Making use of his trademark hyperbole, Trump referred to migrants as "Joe Biden's illegals and murderers."
What would a mass deportation effort look like?
Planning is already underway in Trump's sphere about how to go about such an effort. If, as seems likely, Congress didn't green-light such an operation, CNN has reported Trump could attempt to redirect funds from the Pentagon, a tactic he tried during his first term in office to fund a border wall.
Any such roundup and deportation effort, according to the CNN report from last year, "would necessitate building large camps to house migrants waiting for deportation and tapping federal and local law enforcement to assist with large-scale arrests of undocumented immigrants across the country."
There is a model in US history for such an effort. "Operation Wetback," which made use of a derogatory term that sounds horrible in hindsight, was a military-style operation during the Dwight Eisenhower administration.
Trump cited that ugly chapter in his 2016 run for president. It is remarkable how in the intervening years his rhetoric on immigration has not changed.
CNN reported on the history of the 1950s deportation effort in 2016. It described how US agents "plucked Mexican laborers from fields and ranches in targeted raids, bused them to detention centers along the border, and ultimately sent many of them deep into the interior of Mexico, some by airlift, others on cargo boats that typically hauled bananas."
The militarized border town
CNN's Rosa Flores reported before Trump's speech from Shelby Park in Eagle Pass. That's the recreation area along the Rio Grande seized by the state national guard. They have kicked US Border Patrol out of that area and plan to build a military base there. State officials have lined the river in Eagle Pass with concertina wire, shipping containers and buoys to deter people from crossing.
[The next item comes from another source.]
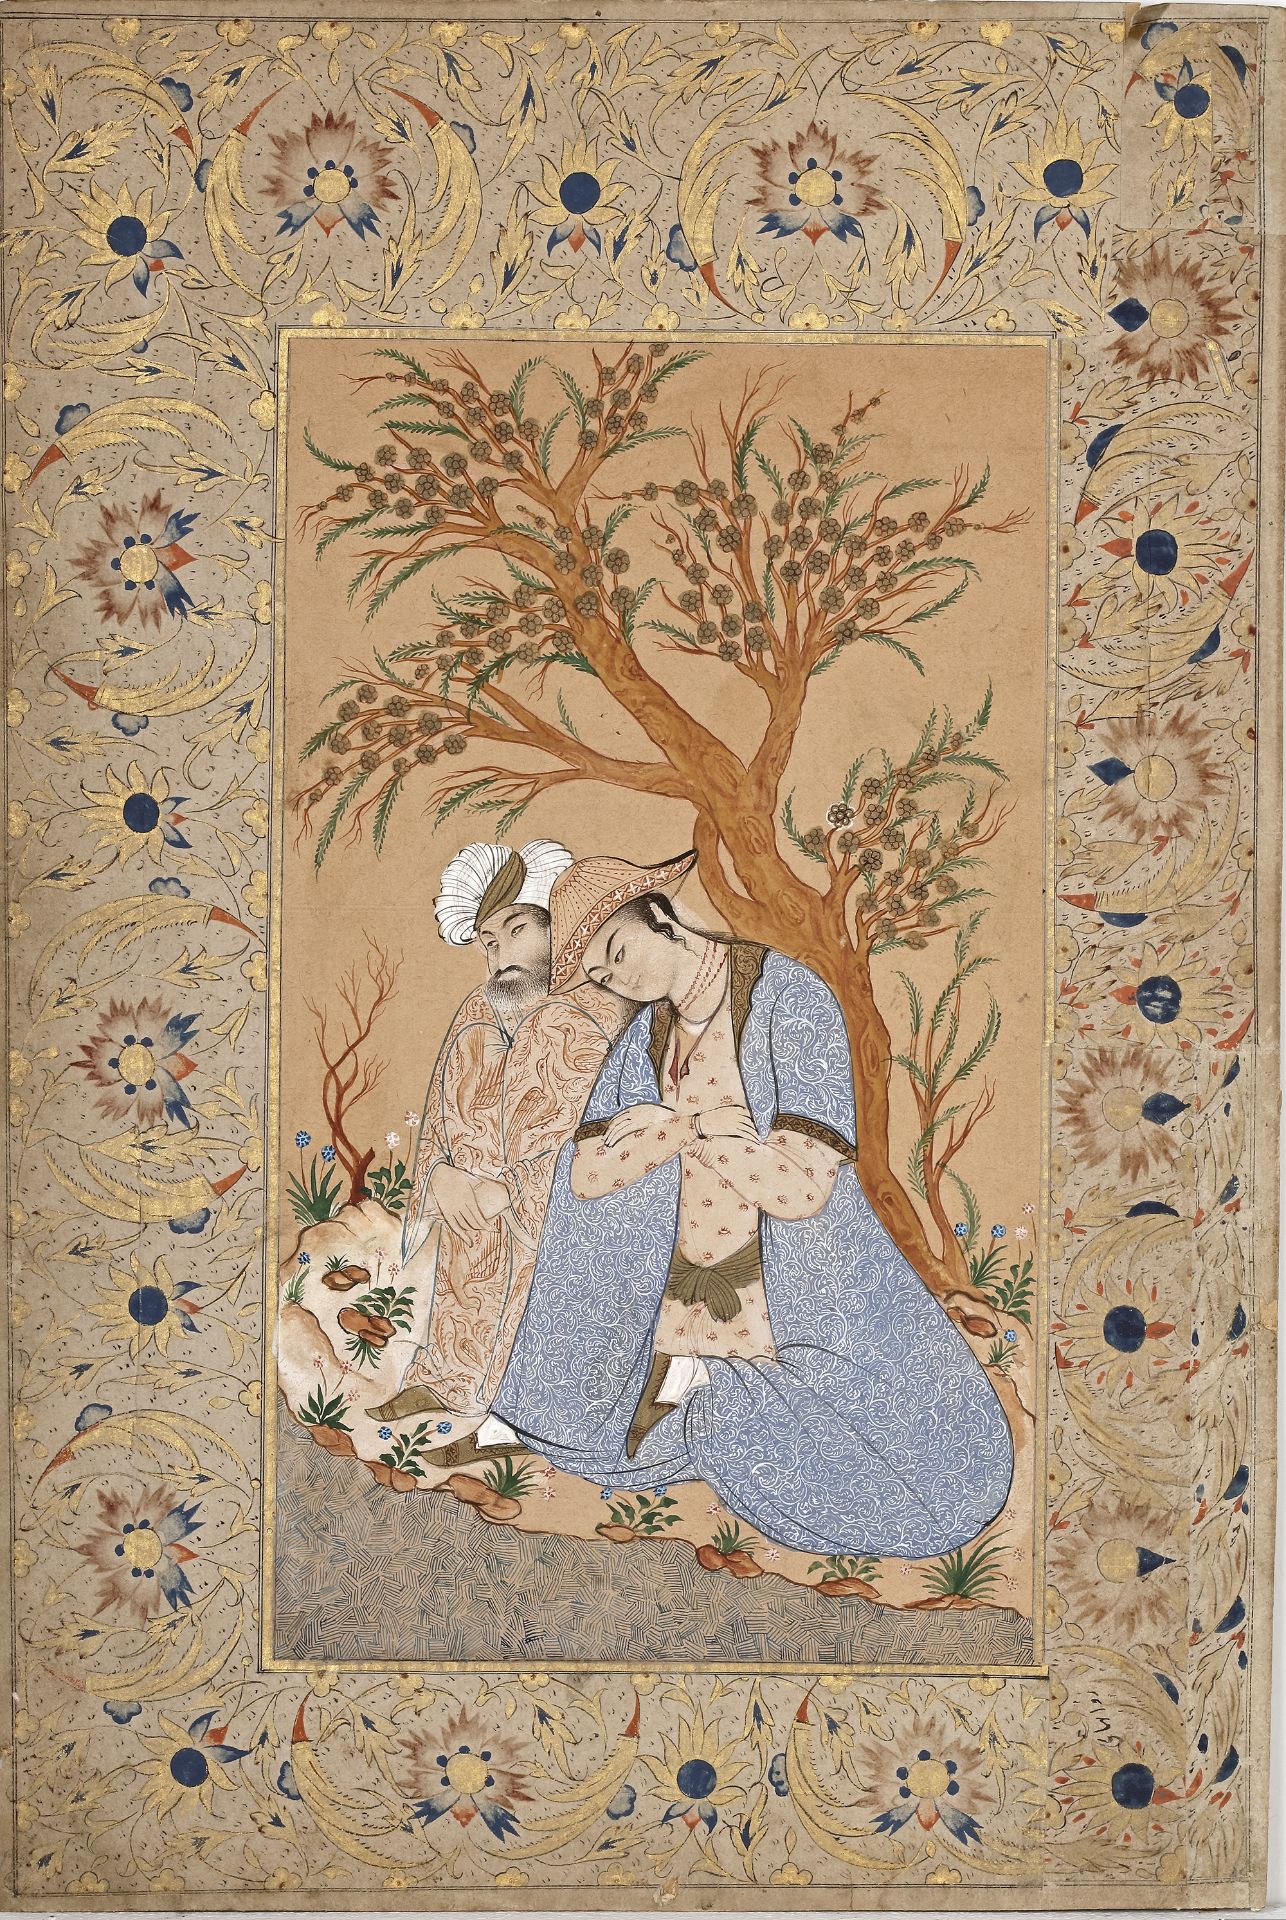 A SAFAVID STYLE MINIATURE PAINTING, PERSIA, 20TH CENTURY - Image 2 of 2

These efforts by the state to take over border security from the federal government are the subject of ongoing court disputes.
Trump's visit, CNN's Stephen Collinson, Priscilla Alvarez and MJ Lee wrote ahead of the trip, "will showcase his dark portrayal of a nation under siege from a torrent of what he claims are migrant criminals and invaders."
"This looks very militarized," Flores said, a contrast to the background chosen by the White House for Biden, who also visited the border on Thursday, 300 miles downriver in Brownsville.
Meanwhile in Brownsville …
The Washington Post had an interesting comparison between the two areas and guessed at why Brownsville, which is much more used to larger volumes of migrant crossings, has been able to more easily absorb the influx.
Speaking on Air Force One en route to Texas, Homeland Security Secretary Alejandro Mayorkas said Brownsville is a model of how the migrant crisis should be handled: not with a standoff between Texas and the federal government, but with cooperation.
"Brownsville demonstrates the impact of that partnership when everyone's working together to address a shared challenge," he said.
Biden has shifted in recent weeks, going on offense on the issue of immigration after Trump successfully pressured Republicans on Capitol Hill to kill the bipartisan border bill.
US voters are on track to get a choice between Biden's and Trump's realities in November if, as expected, the two men clinch their respective major party nominations. The migrants fleeing to the US despite the risks must feel like they have run out of options.